● Task requirements
Beginning with the first line, return the material verbatim and without pictures.

● Exercise data
Start of Block

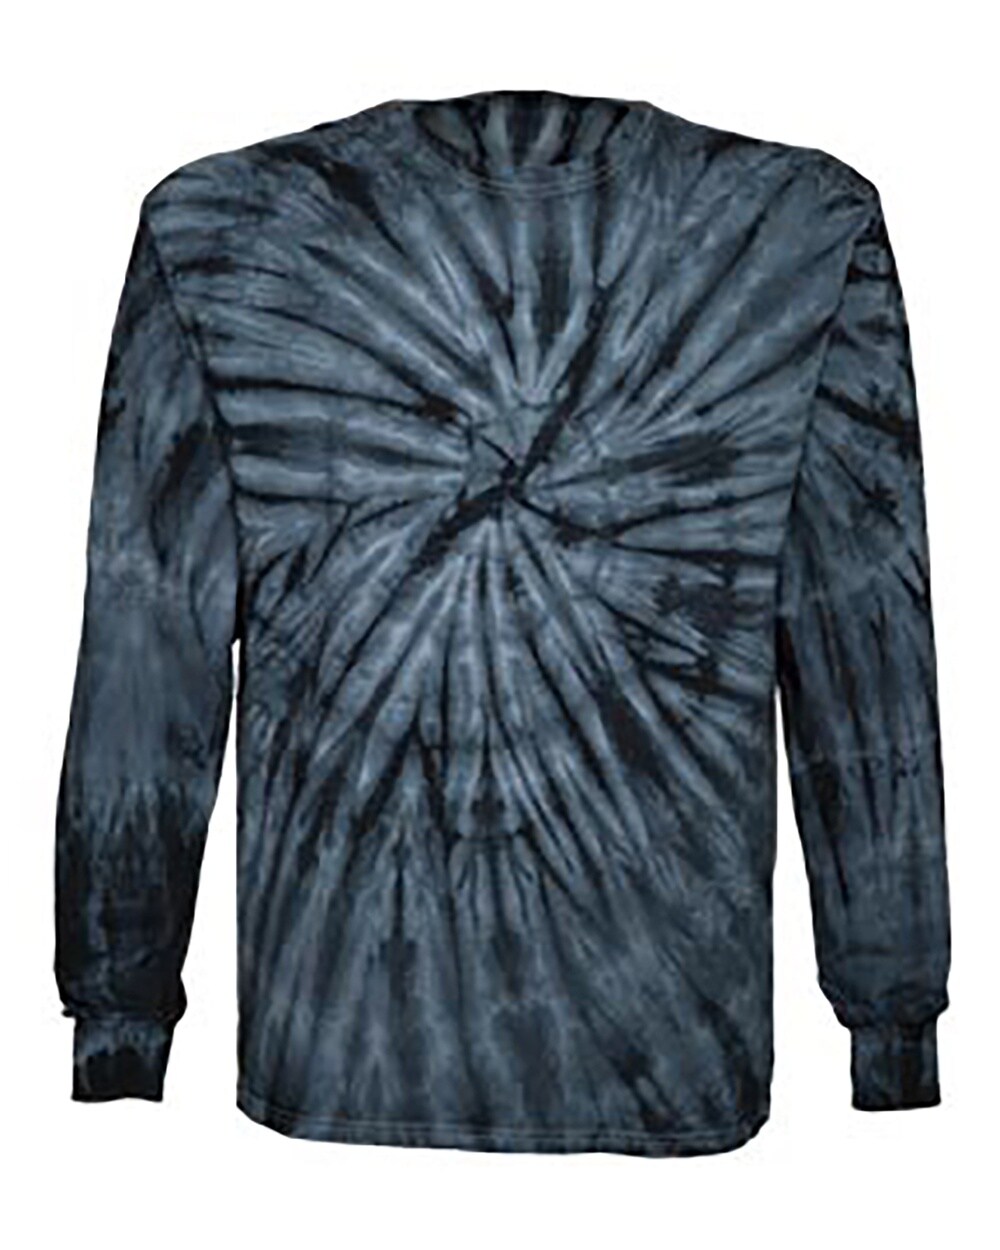 DYENOMITE® Youth Cyclone Tie-Dyed Long Sleeve T-Shirt
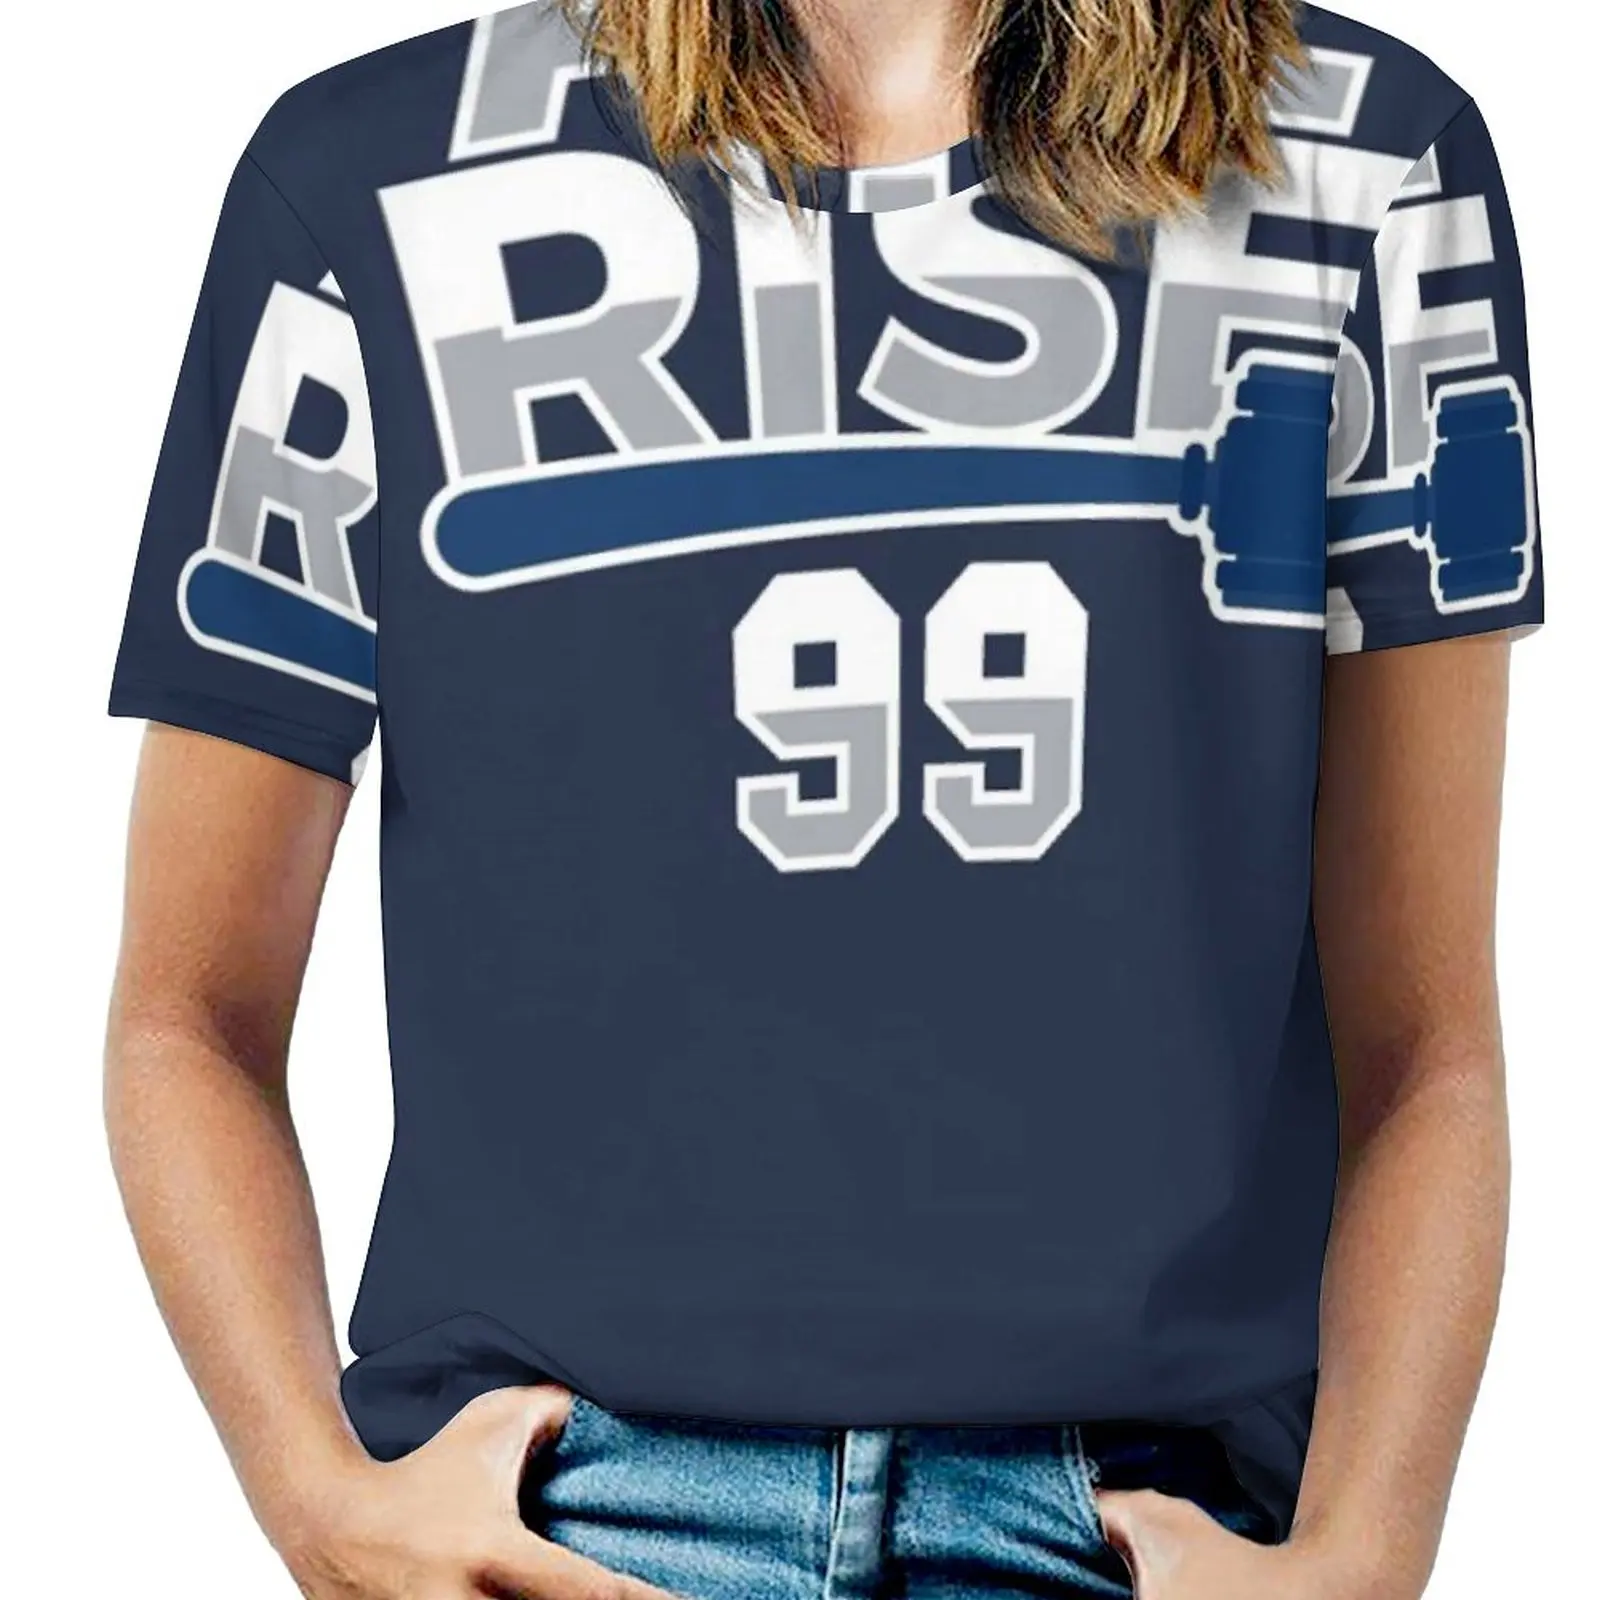 All Rise 99-All Rise For The Judge Ny Yankee Baseball Women Zipper Sexy  Printed Vintage T Shirts Tops Full Print T-Shirt Aaron
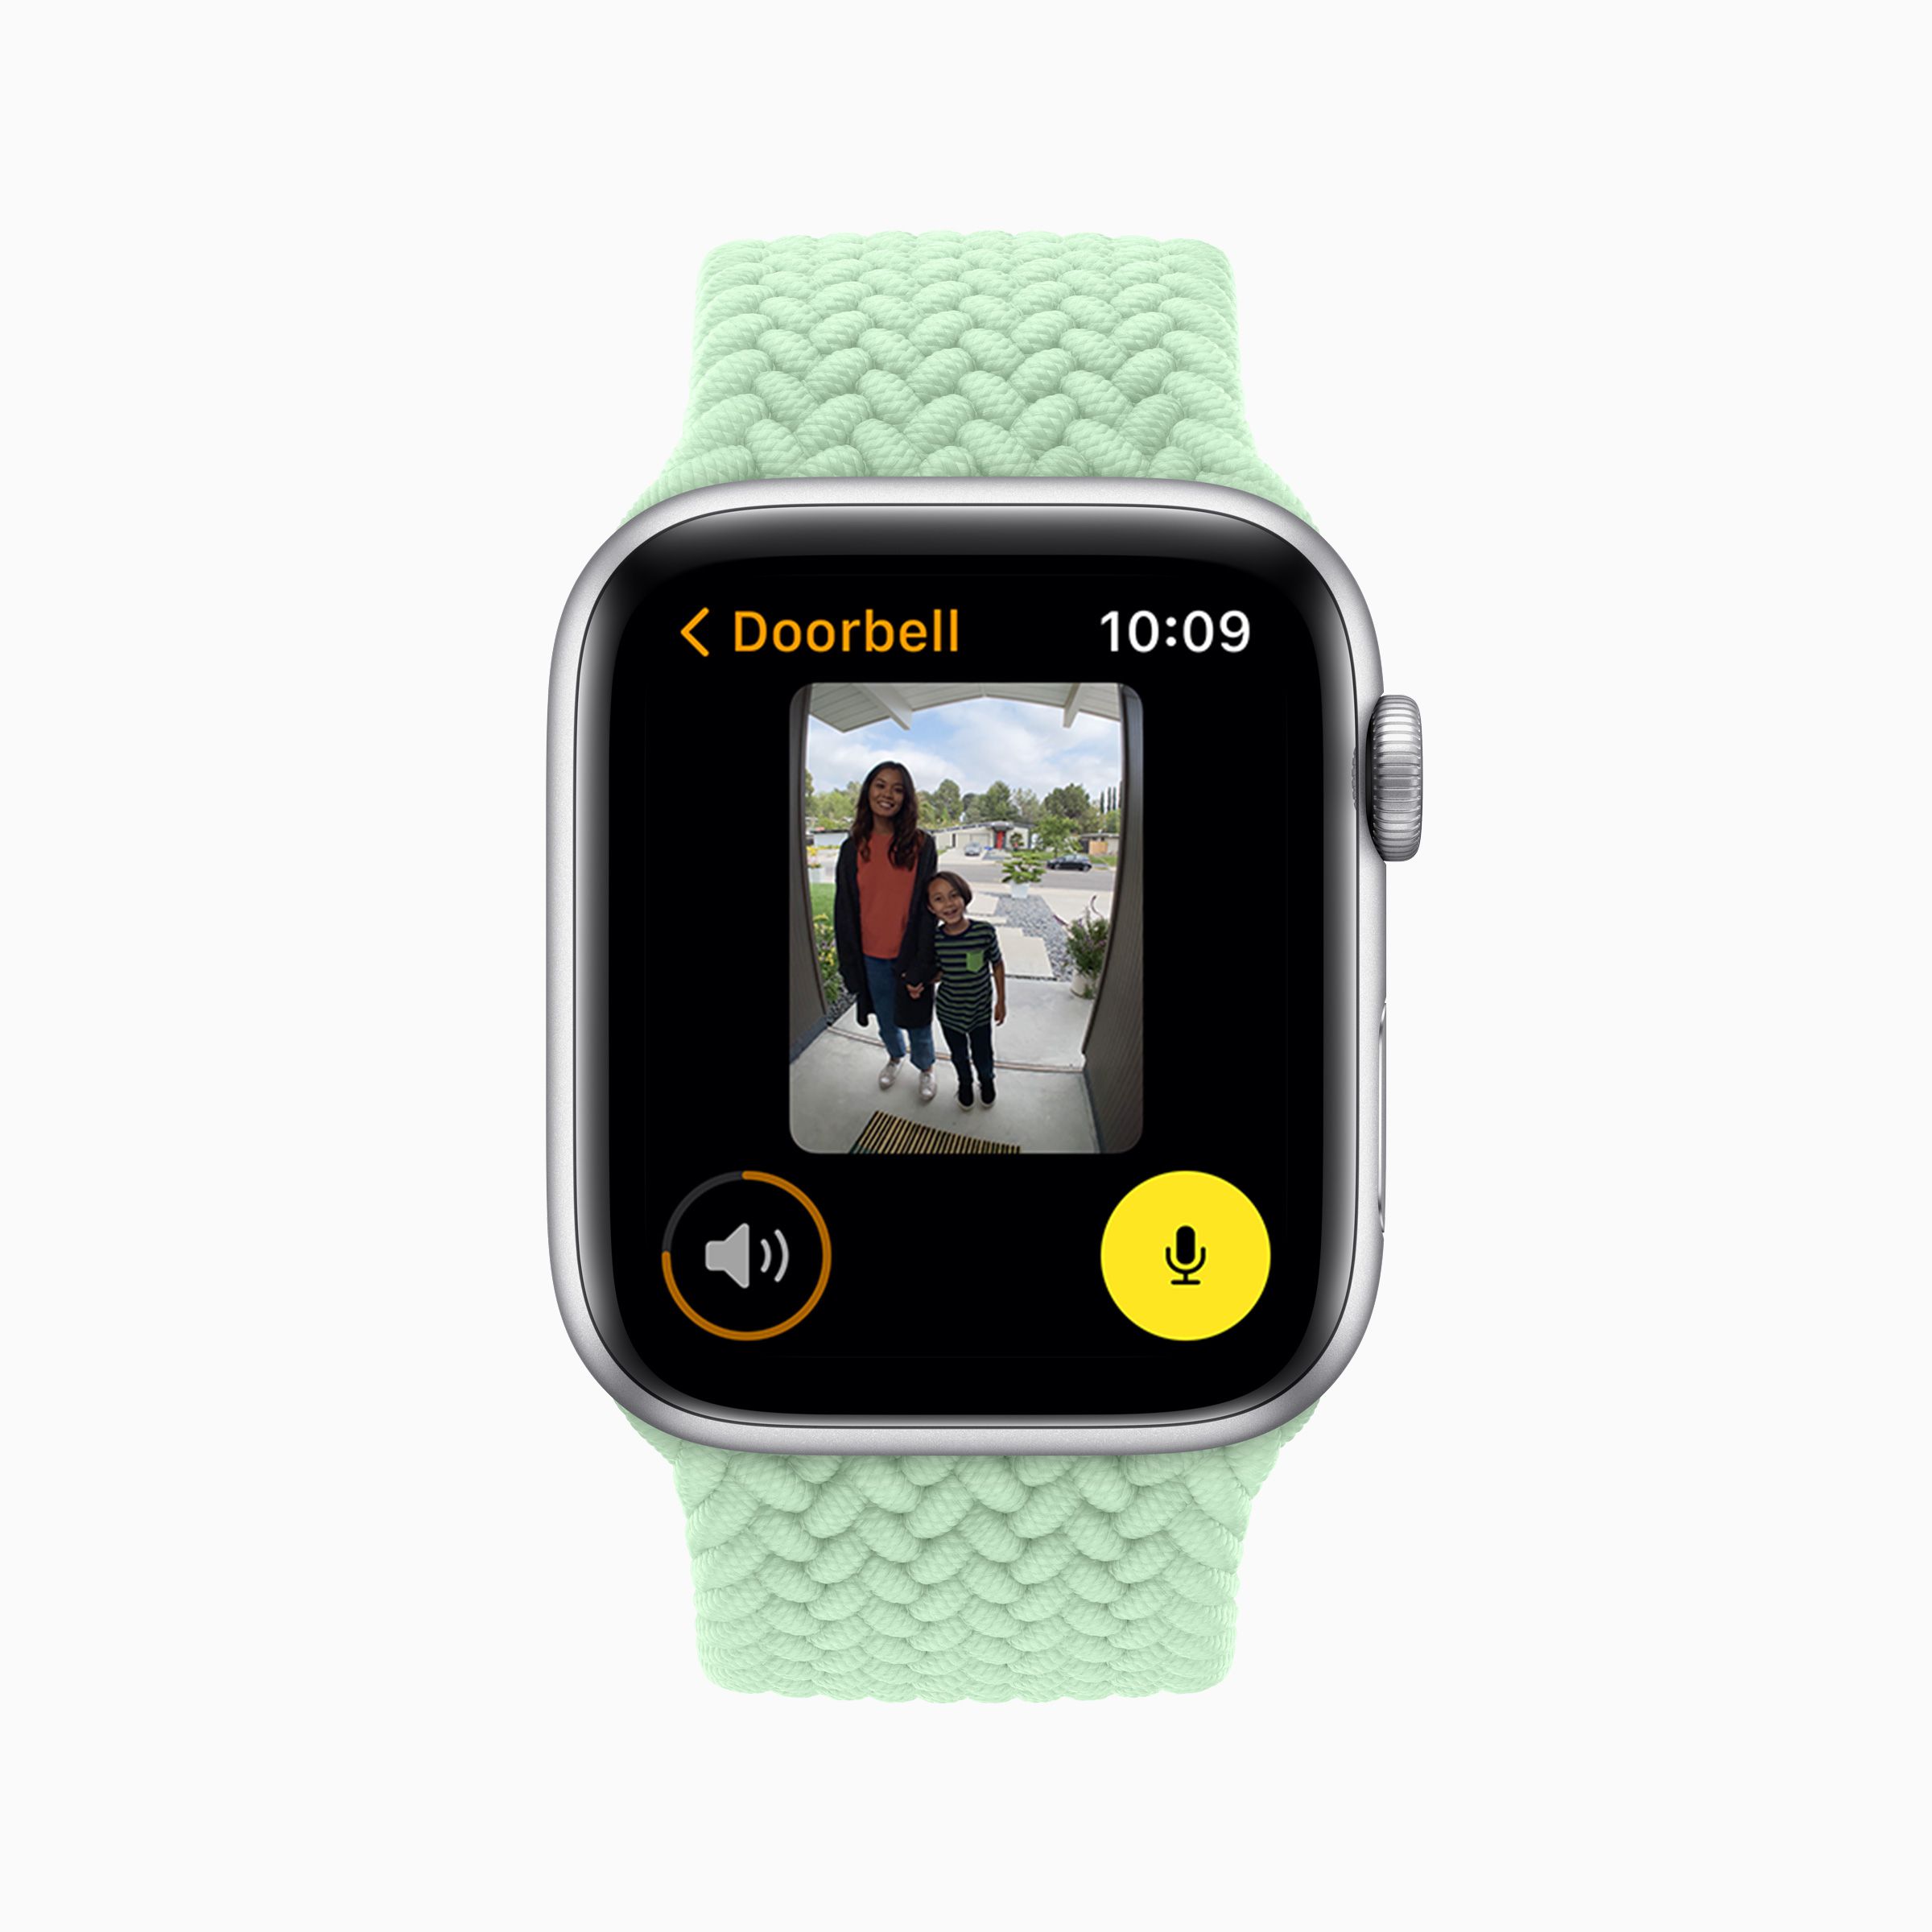 A new software update for Apple Watch lets you view your HomeKit doorbell camera feed on your watch screen.

End of Block

● Your solution
 DYENOMITE® Youth Cyclone Tie-Dyed Long Sleeve T-Shirt
 All Rise 99-All Rise For The Judge Ny Yankee Baseball Women Zipper Sexy  Printed Vintage T Shirts Tops Full Print T-Shirt Aaron
 A new software update for Apple Watch lets you view your HomeKit doorbell camera feed on your watch screen.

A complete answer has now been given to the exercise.